## Work order:
Below, locate the line that contains "un primer plano". Repeat exactly from that line to the line that contains "Natural Factors Ultra", inclusive, leaving out the pictures.

Segment Start: Source material

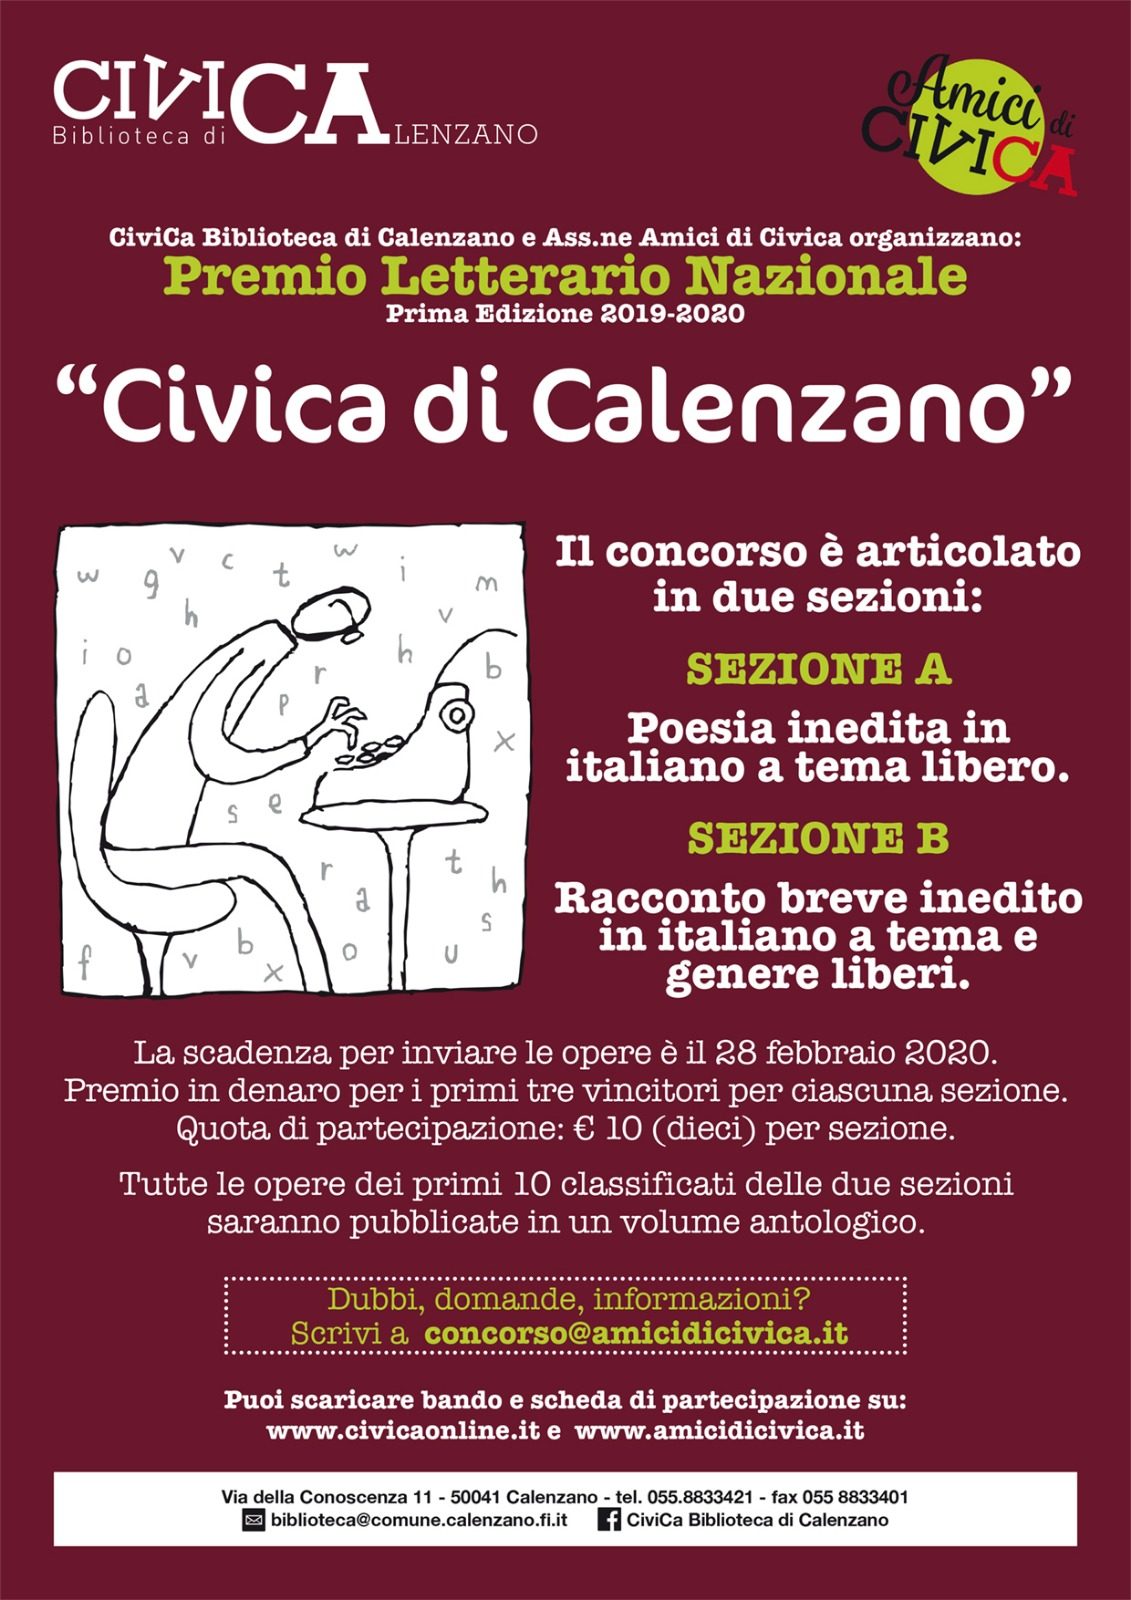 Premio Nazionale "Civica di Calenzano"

Segment End: Source material
Segment Start: Source material

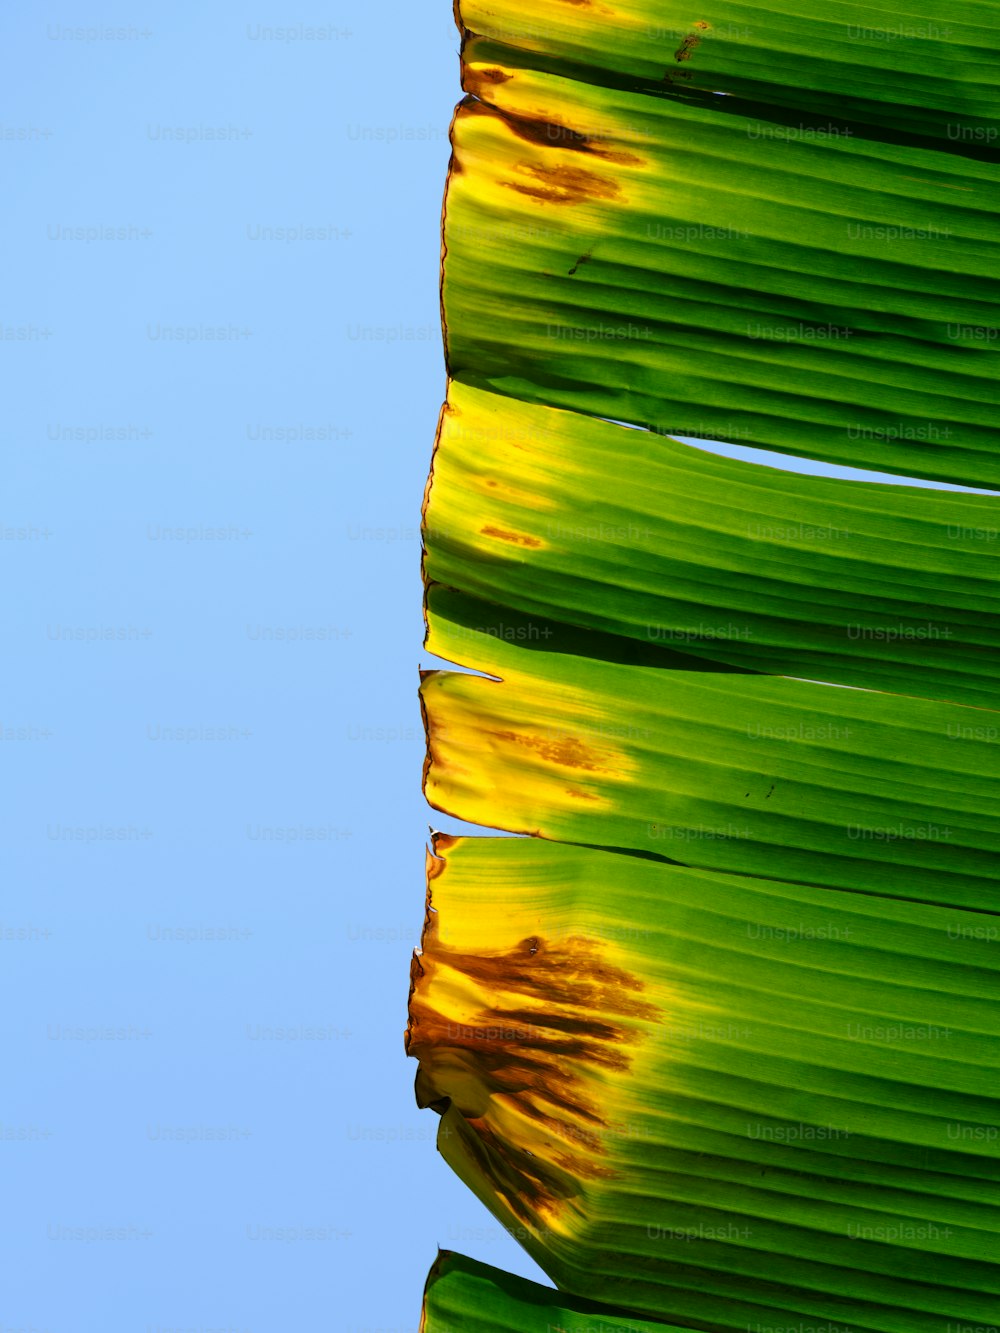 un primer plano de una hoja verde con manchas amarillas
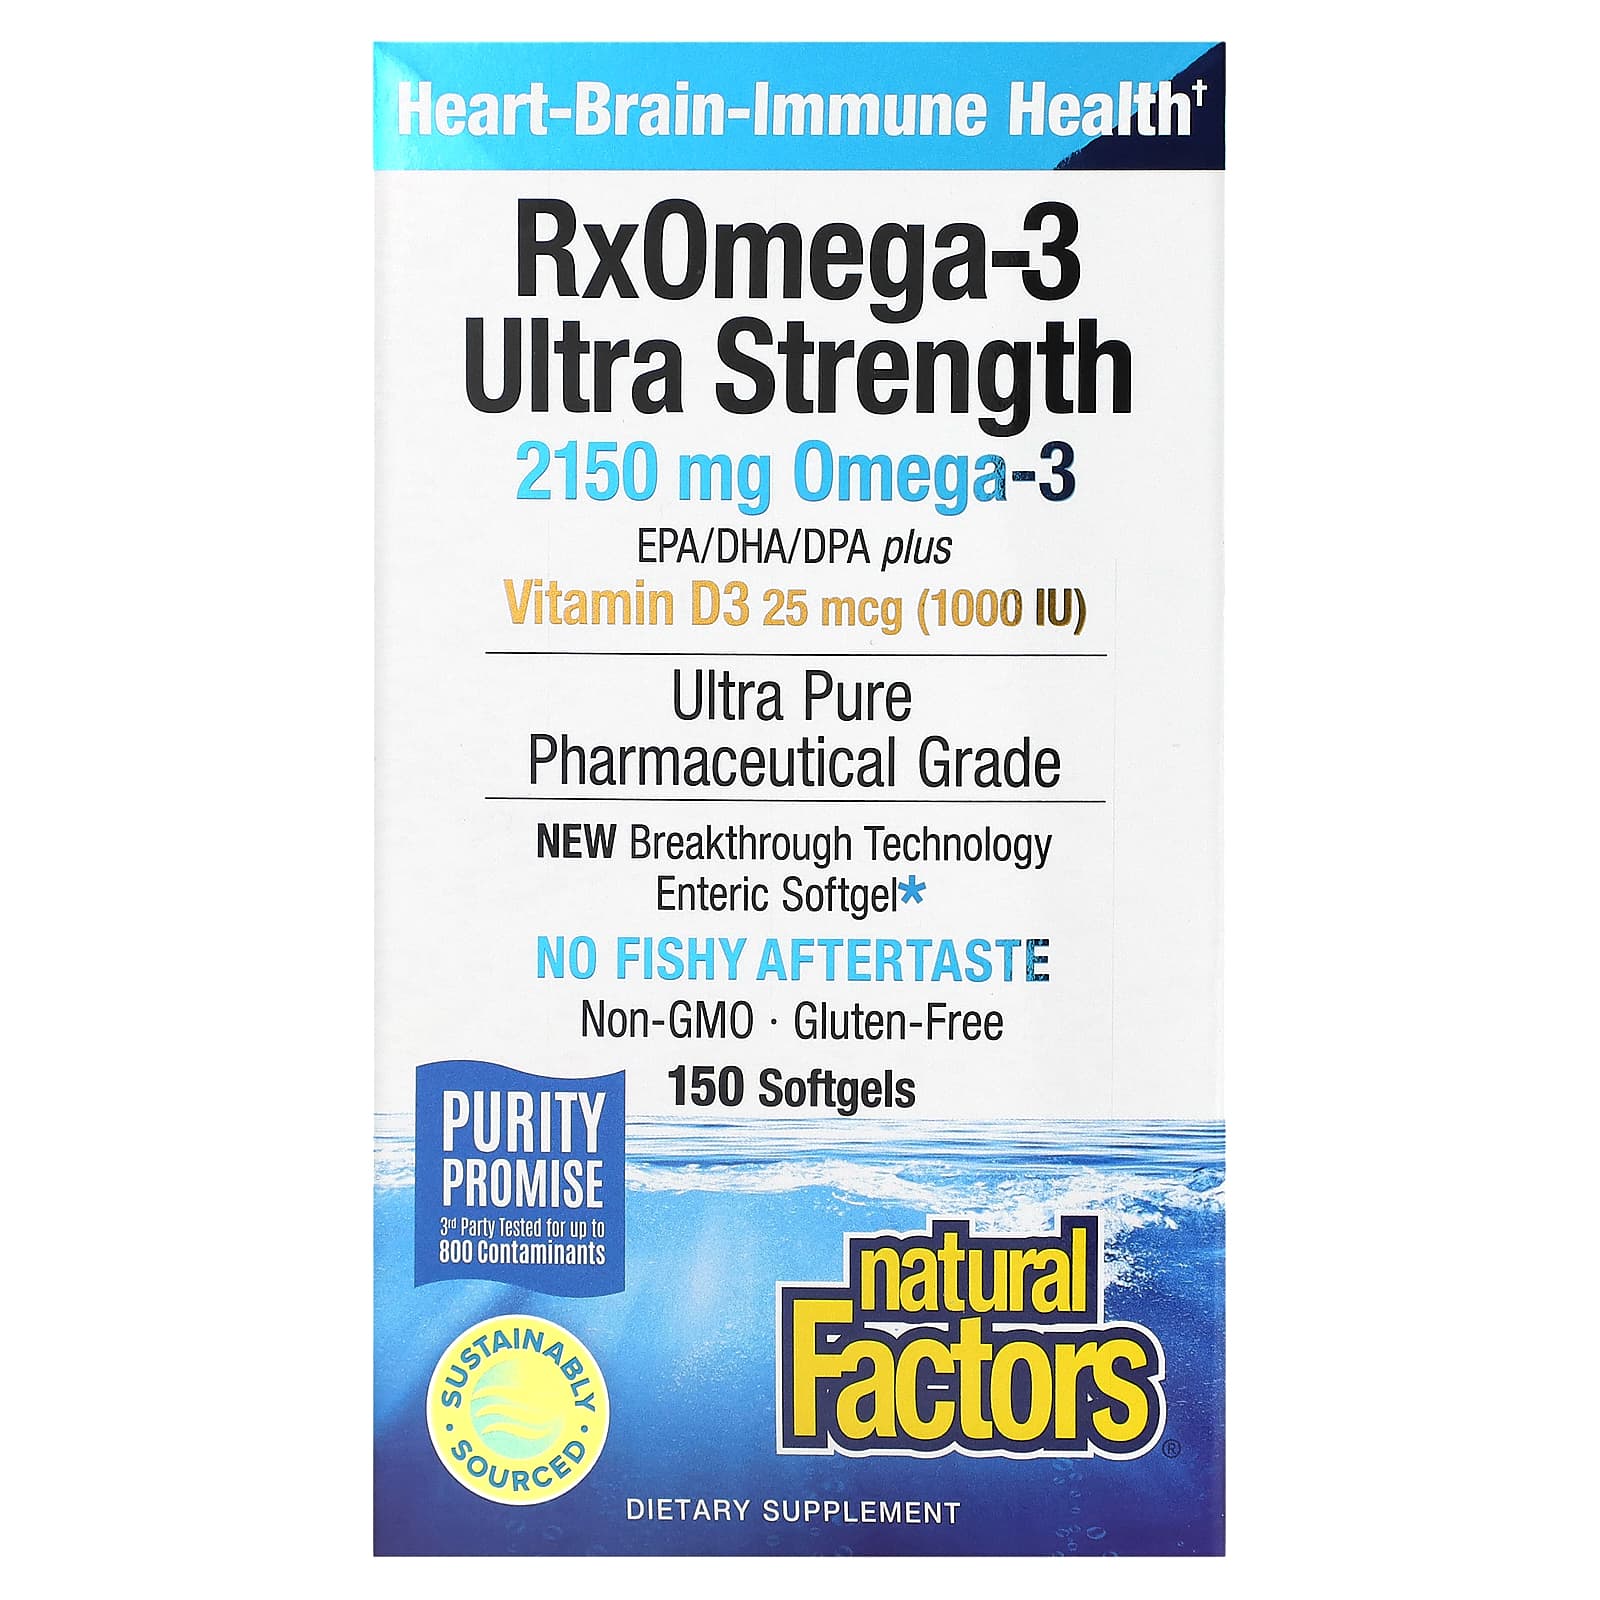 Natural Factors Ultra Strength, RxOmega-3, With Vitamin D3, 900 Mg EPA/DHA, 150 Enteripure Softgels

Segment End: Source material

## Response to this task:
 un primer plano de una hoja verde con manchas amarillas
 Natural Factors Ultra Strength, RxOmega-3, With Vitamin D3, 900 Mg EPA/DHA, 150 Enteripure Softgels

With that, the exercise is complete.